Melbourne Vixens’ Renae Ingles crosses Pacific seven times in three months
The Melbourne Vixens came up with a plan to keep one of their best players involved in preseason training.
Renae Ingles can add a new achievement to a career that has included two gold medals, two premierships and a Diamond of the Year award.
As netball’s most frequent flyer, her record cannot be topped.
The veteran defensive midcourter has crossed the Pacific Ocean seven times since December, bouncing between pre-season training with Melbourne Vixens and time with her young family in Salt Lake City, where her husband, Joe, plays for Utah’s NBA team.
It’s the first full pre-season that Ingles has participated in since 2015. Renae stepped away from netball the following year after falling pregnant with twins Jacob and Milla, and has only been able to join Super Netball teams mid-season once Joe’s NBA commitments wrapped up.

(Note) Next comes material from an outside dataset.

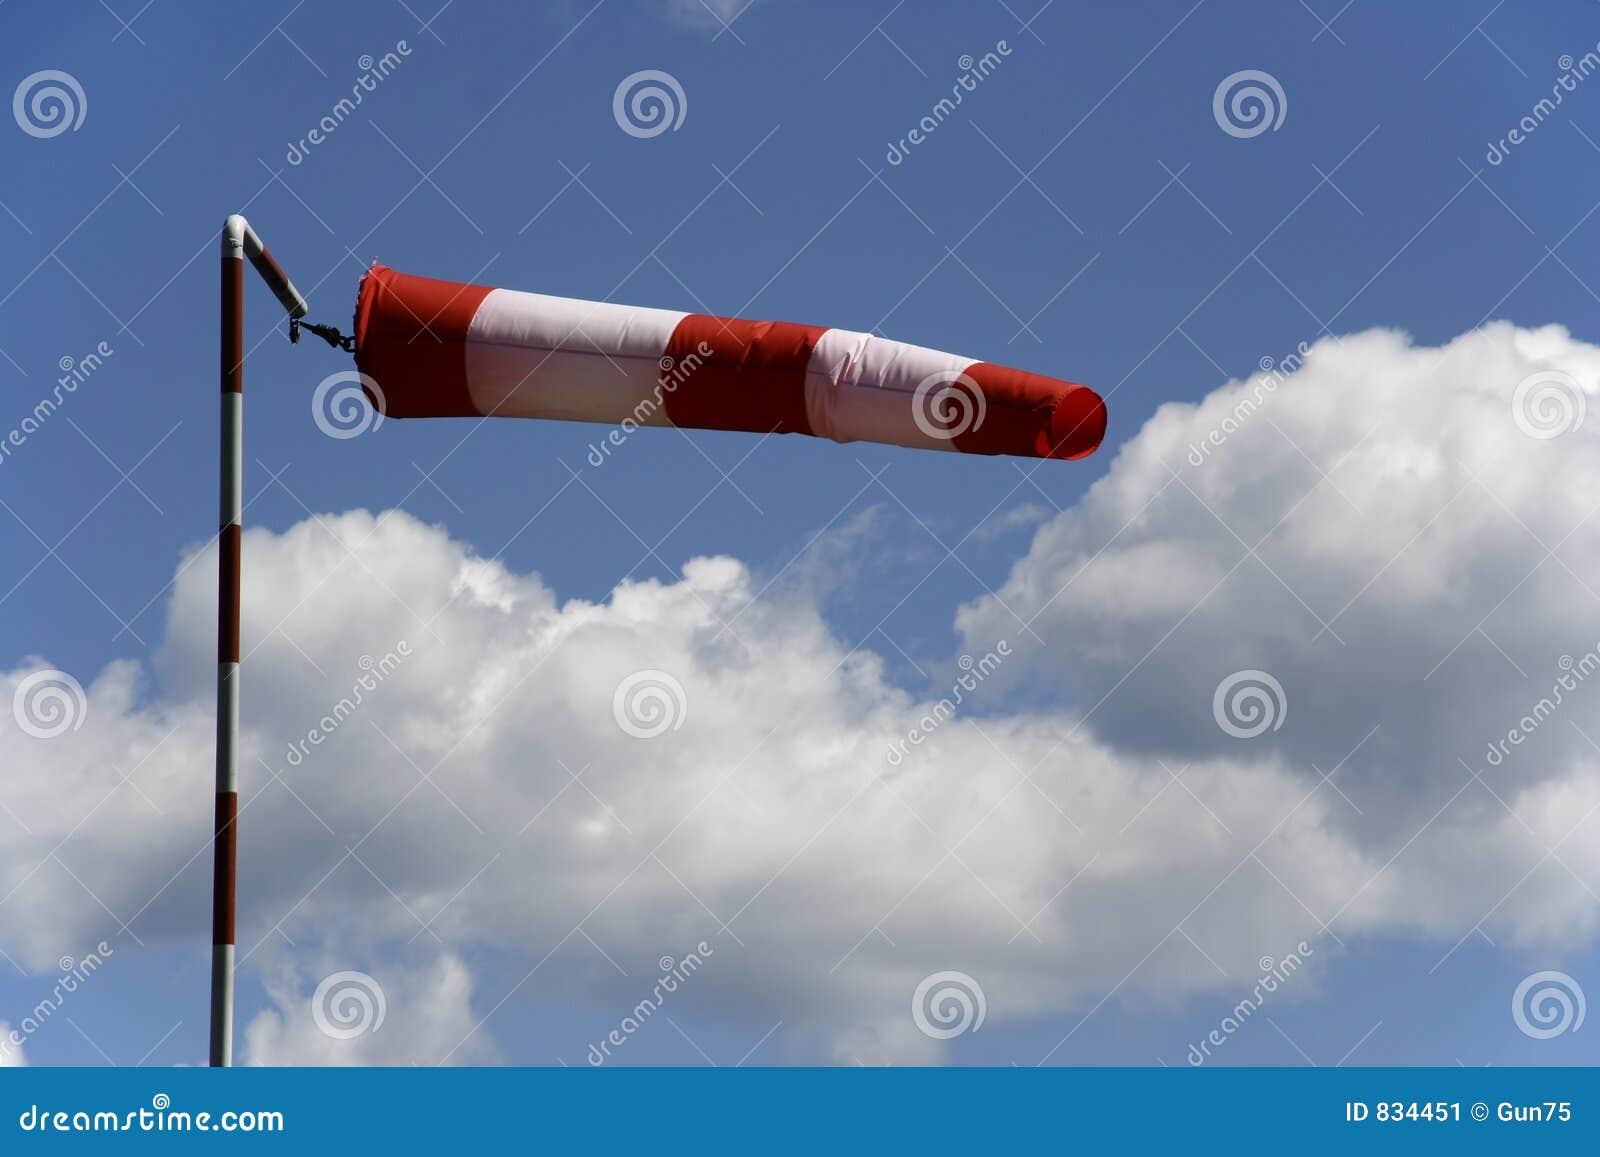 Wind sock and sky

Ingles sees this extended coda to her career as “bonus points”.
As the Vixens entered the home straight of their 2018 season, Ingles was in stellar form — earning an inclusion in the national squad — but doubted she could find a way to recommit to the team knowing she’d soon be packing bags for the US.
But coach Simone McKinnis and the team’s leadership group sat down with Ingles after the season and stressed that they wanted to find a way to keep the “invaluable” player in the squad.
So with the help of high-performance staff, Ingles and the Vixens hammered out a plan: two weeks in Australia, two weeks in America — for five months.
It’s been a challenging process that encapsulates the opposing tugs all parents feel between family and careers.
“Both Joe and I are aware that sporting careers are shortlived, so we want to put the most in while we can. We also want to set an example for our kids that if you put your mind to something, you can absolutely do it,” Ingles said.
“It’s been really tough juggling going backwards and forwards, but I’ve just had a motto in the back of my mind … if I’m away from my family and in this Vixens space, I really need to make that time worth it, and then vice versa.”
Renae stressed that she couldn’t do it without a supportive team and a supremely supportive husband.
McKinnis, however, insisted that “the biggest thing that makes it work is Renae — she’s that driven”.
Ingles has spent the week in Melbourne, training with the Vixens ahead of the Team Girls Cup, Super Netball’s pre-season tournament running in Brisbane from today until Sunday.
It’s the first chance to see how Australia’s netball sides shape up after an off-season of major shake-ups.
Ingles and her Vixens have returned largely unchanged save for the addition of Diamonds shooter Caitlin Thwaites, cast off by a retooled Magpies team, and South African youngster Ine-Mari Venter.
There will be huge interest around the new-look Collingwood team that have added a host of talent including English star Geva Mentor and Australian veteran Nat Medhurst.
All teams play four matches in three days — a challenge that will test pre-season training regimes and expose the depth that is often not tested in Super Netball matches.